Exercise:
Every line of the listing below should be written out exactly, minus its pictures.

Dataset excerpt:
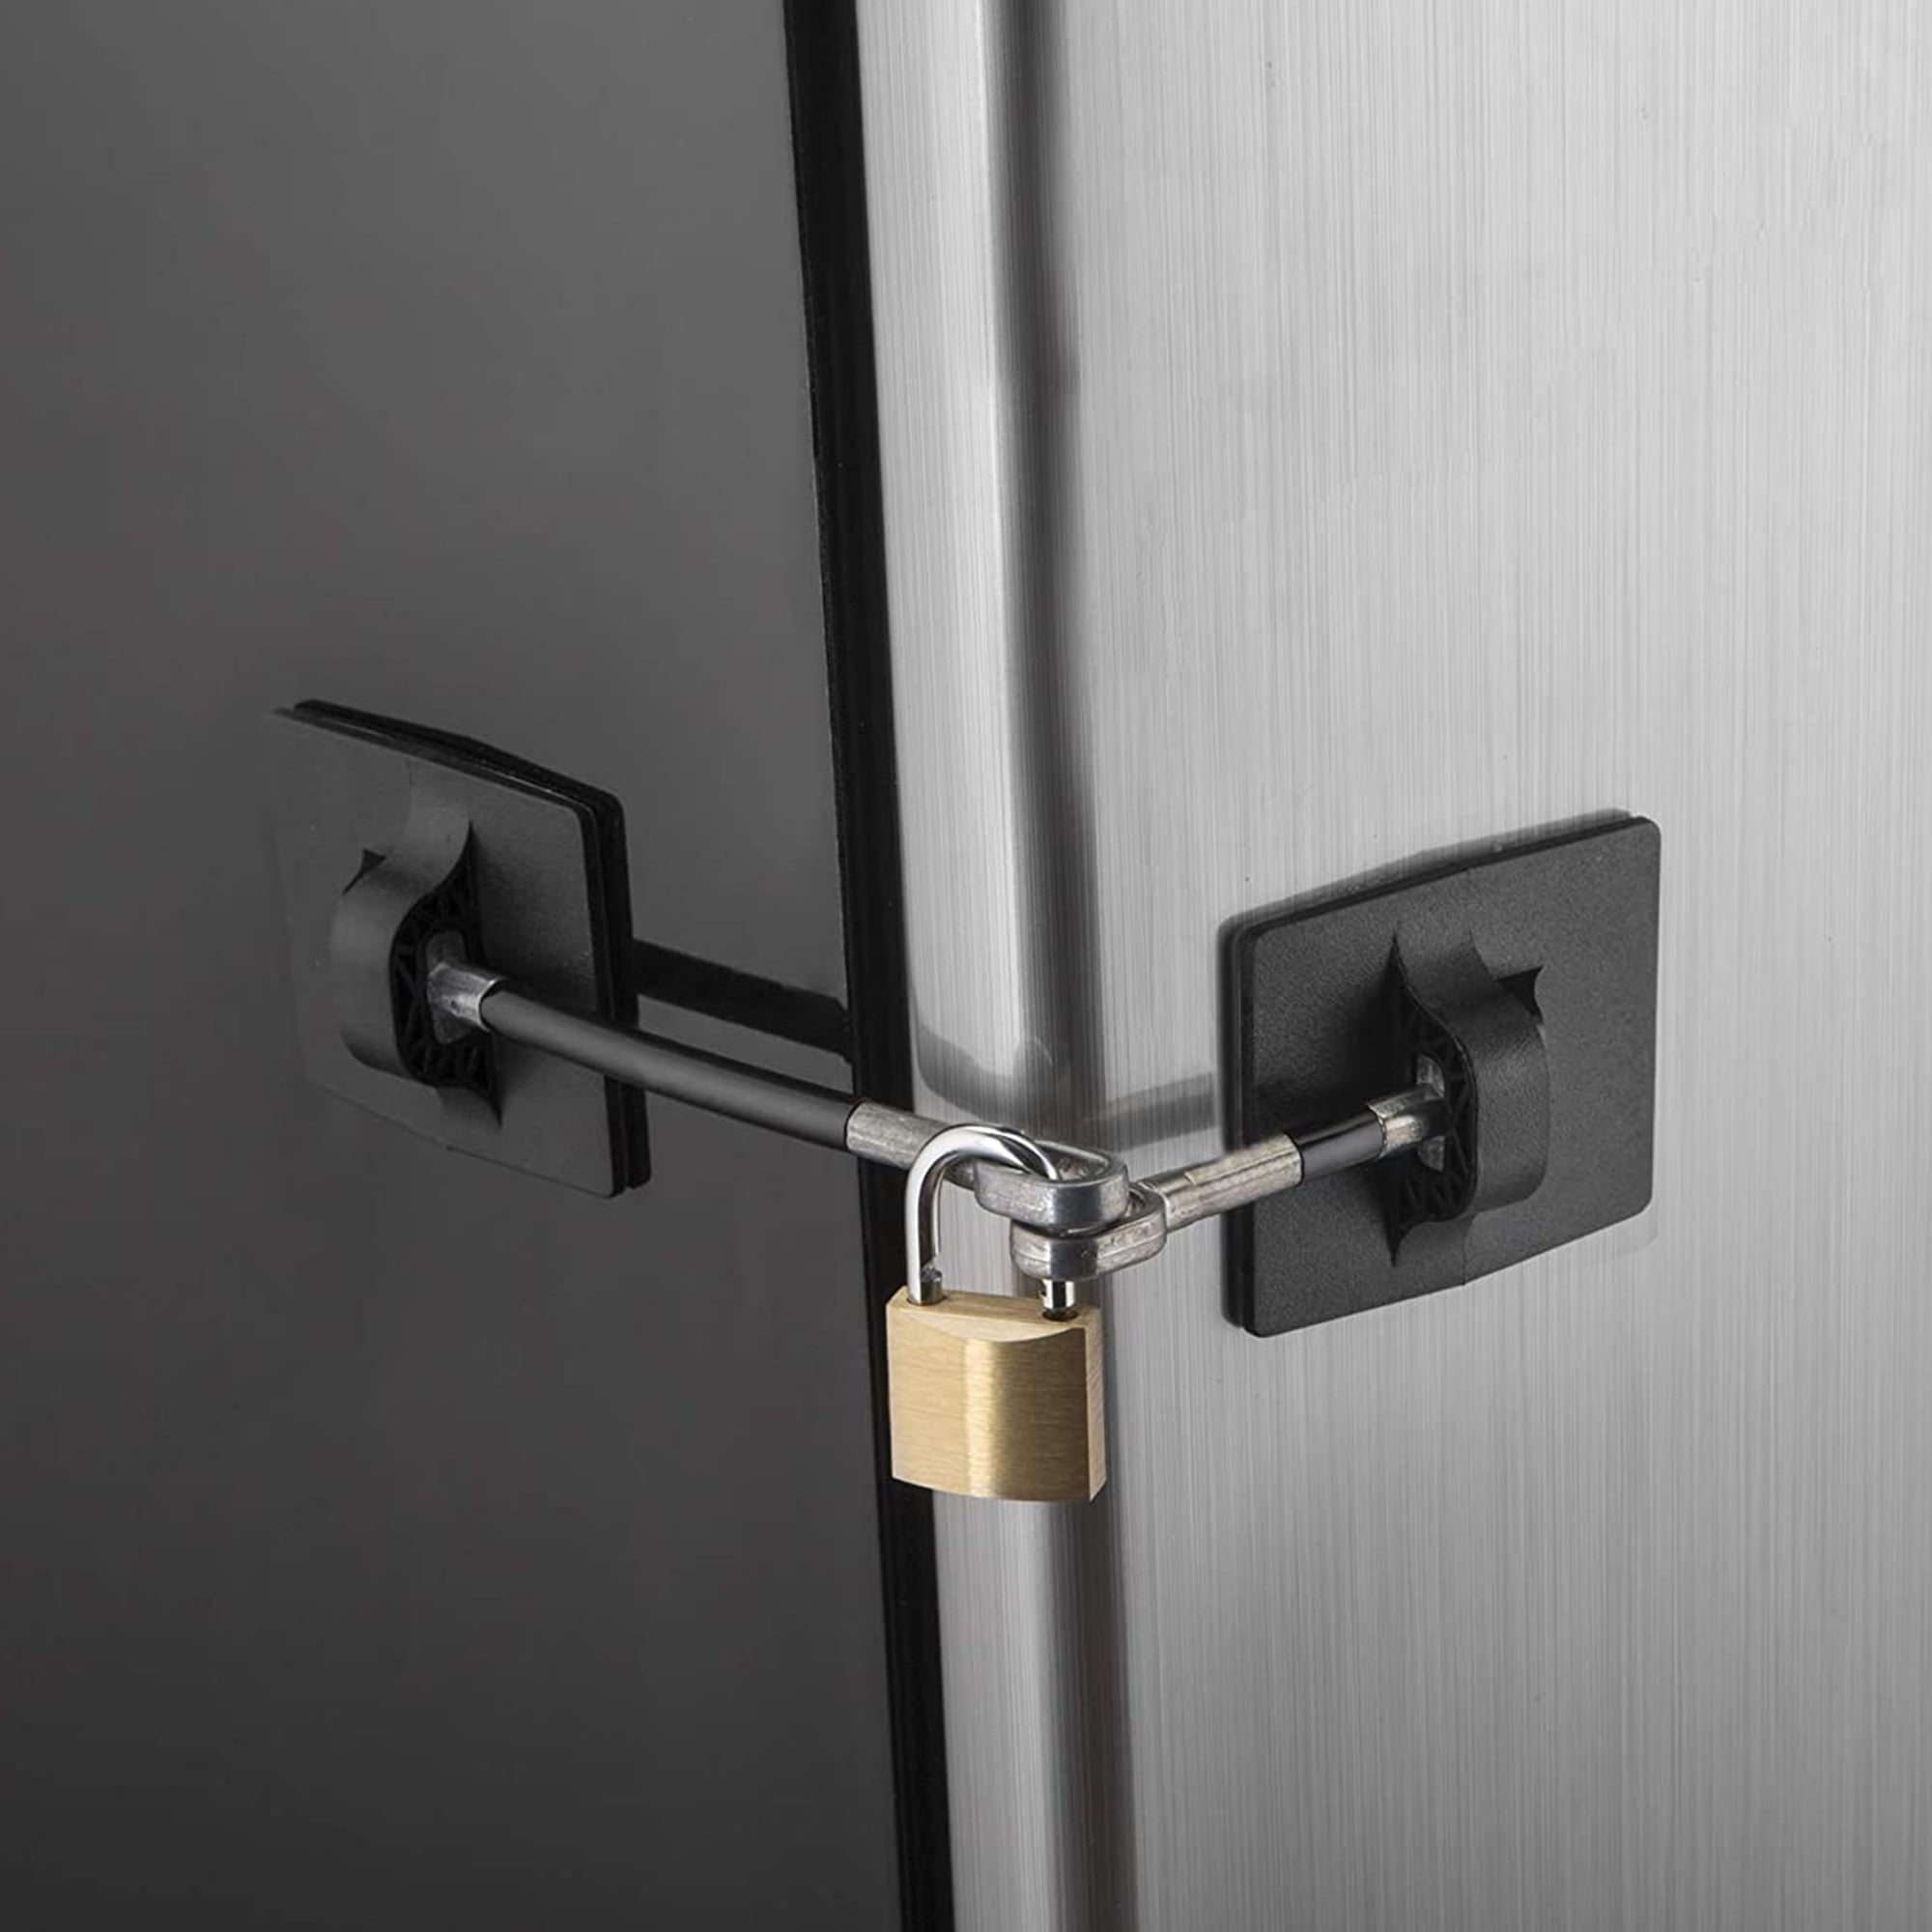 Black Refrigerator Lock with Padlock-2355bwp
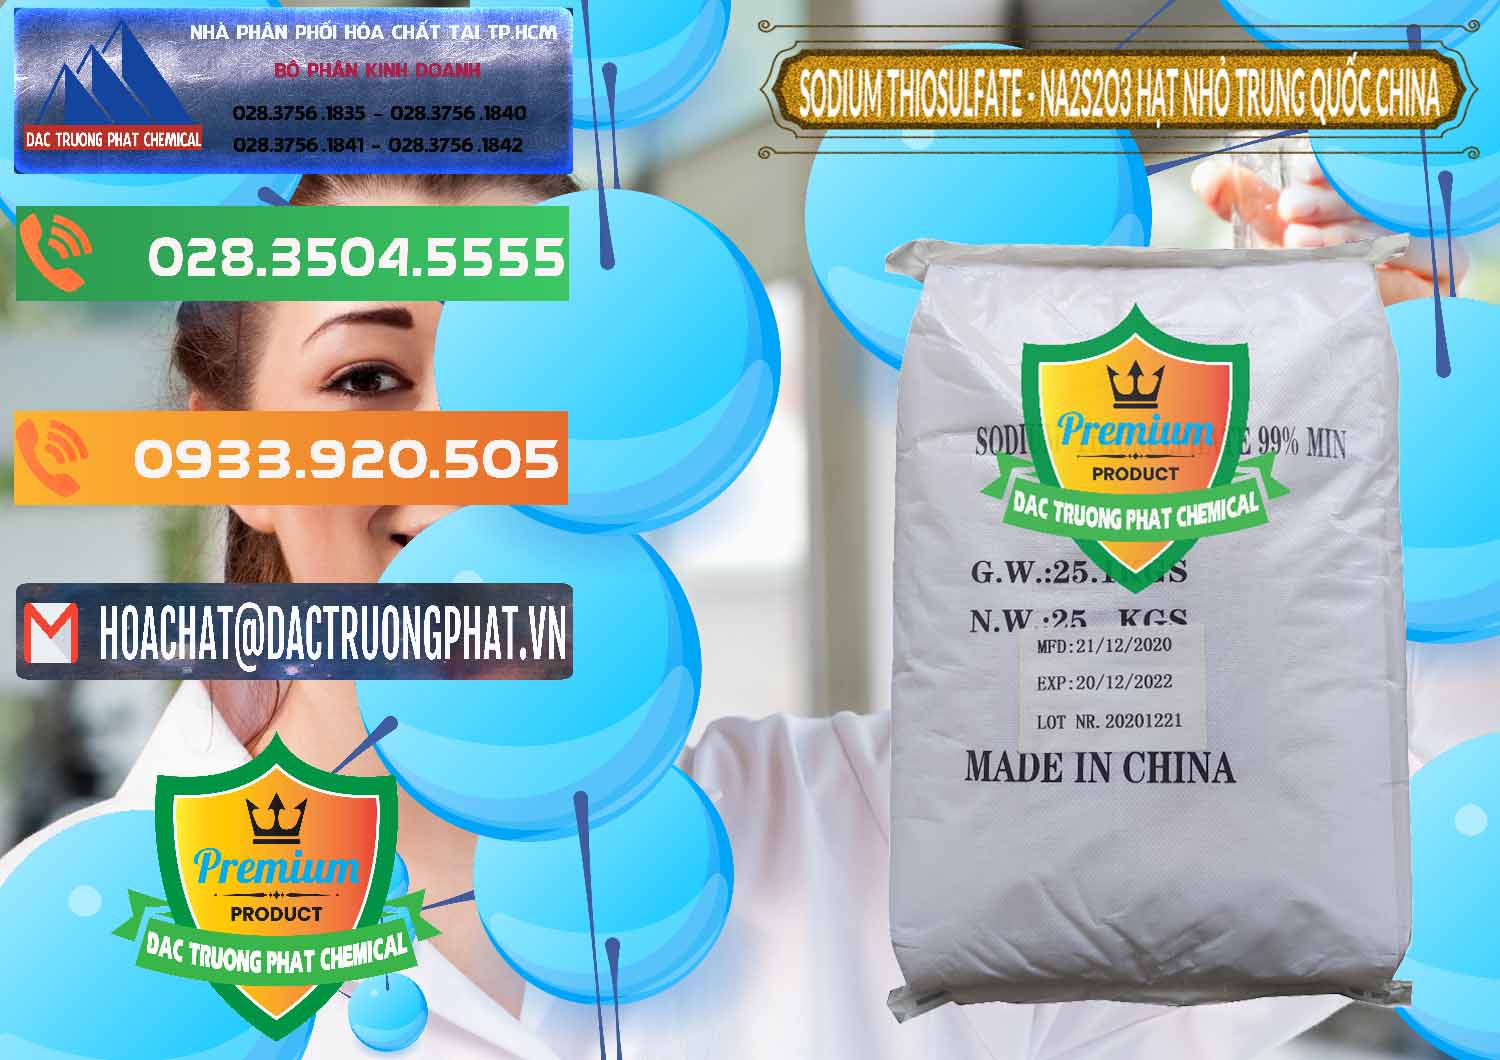 Đơn vị bán _ cung cấp Sodium Thiosulfate - NA2S2O3 Hạt Nhỏ Trung Quốc China - 0204 - Nơi phân phối ( kinh doanh ) hóa chất tại TP.HCM - hoachatxulynuoc.com.vn
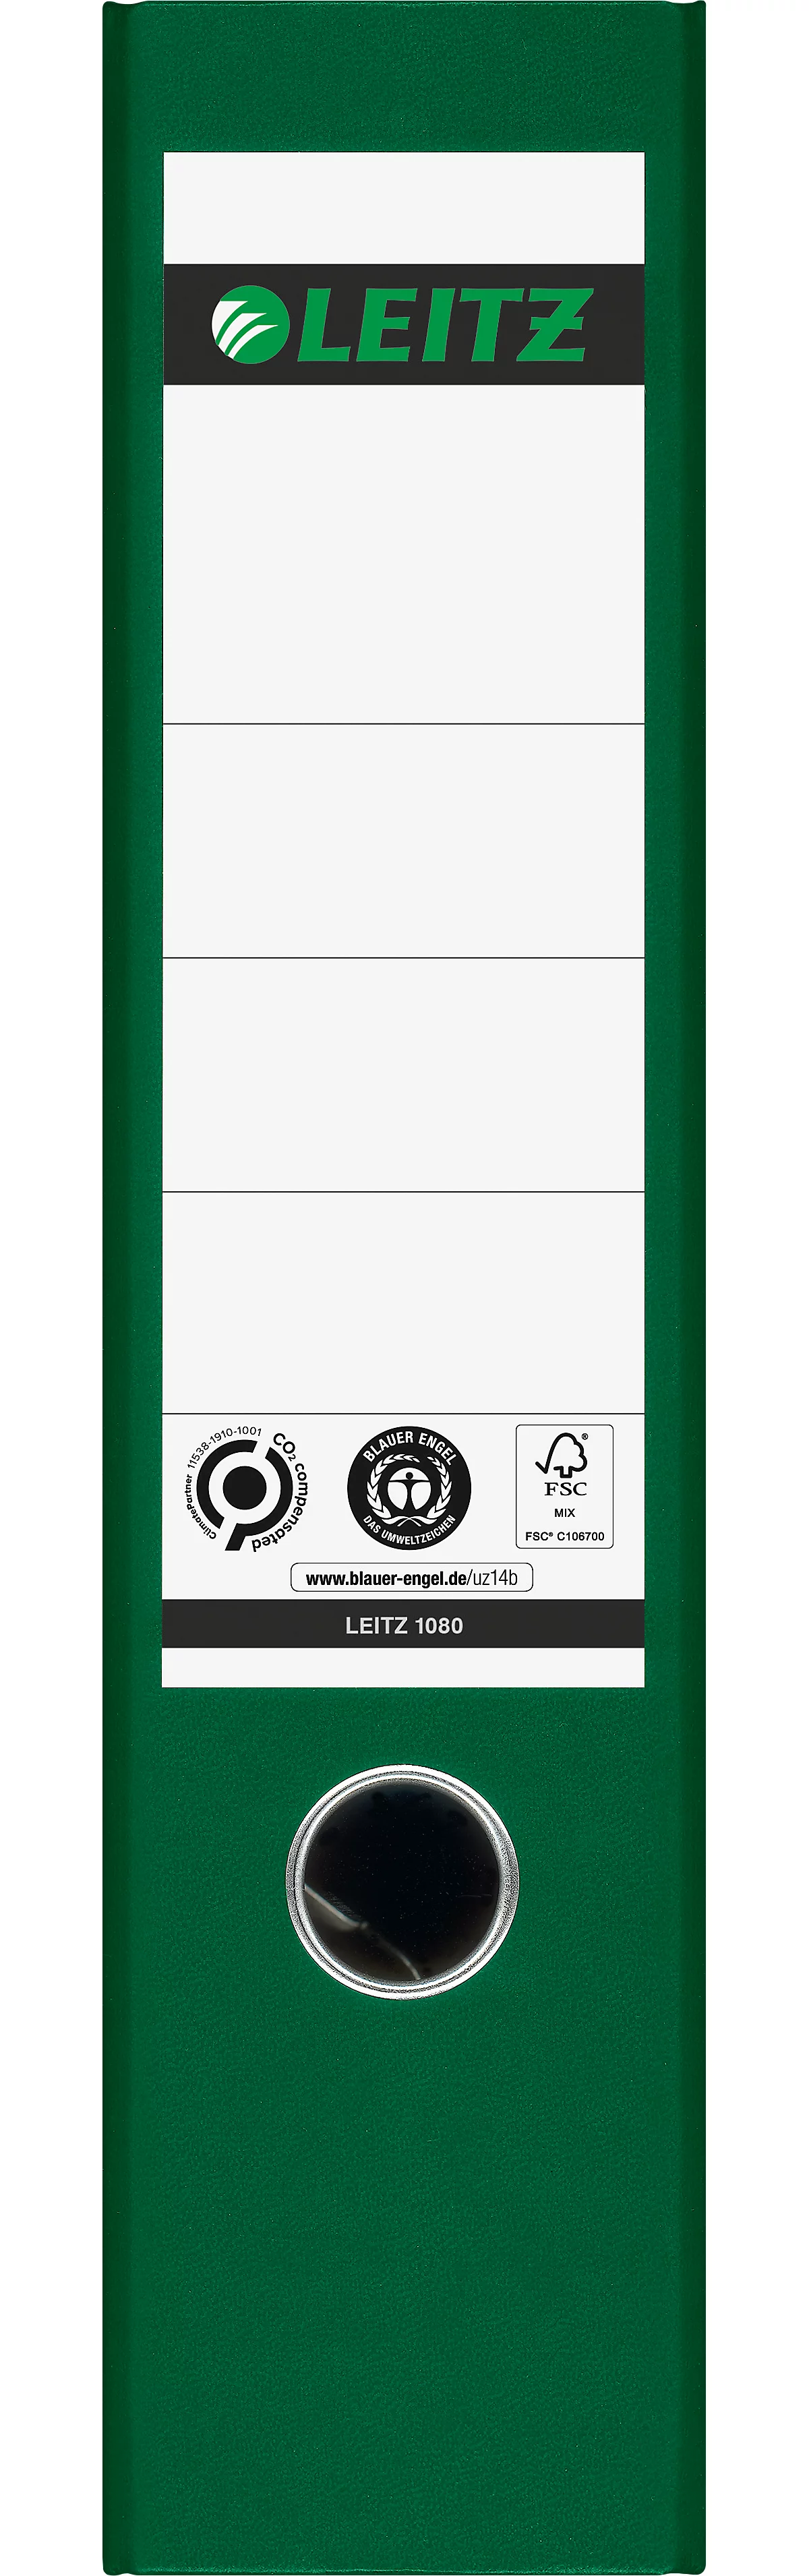 LEITZ® Carpeta 1080, DIN A4, ancho de lomo 80 mm, agujero para los dedos, etiqueta de lomo pegada, clima neutro, cartón duro, 20 unidades, verde

Response to this exercise:
 Black Refrigerator Lock with Padlock-2355bwp
 Đơn vị bán _ cung cấp Sodium Thiosulfate - NA2S2O3 Hạt Nhỏ Trung Quốc China - 0204 - Nơi phân phối ( kinh doanh ) hóa chất tại TP.HCM - hoachatxulynuoc.com.vn
 LEITZ® Carpeta 1080, DIN A4, ancho de lomo 80 mm, agujero para los dedos, etiqueta de lomo pegada, clima neutro, cartón duro, 20 unidades, verde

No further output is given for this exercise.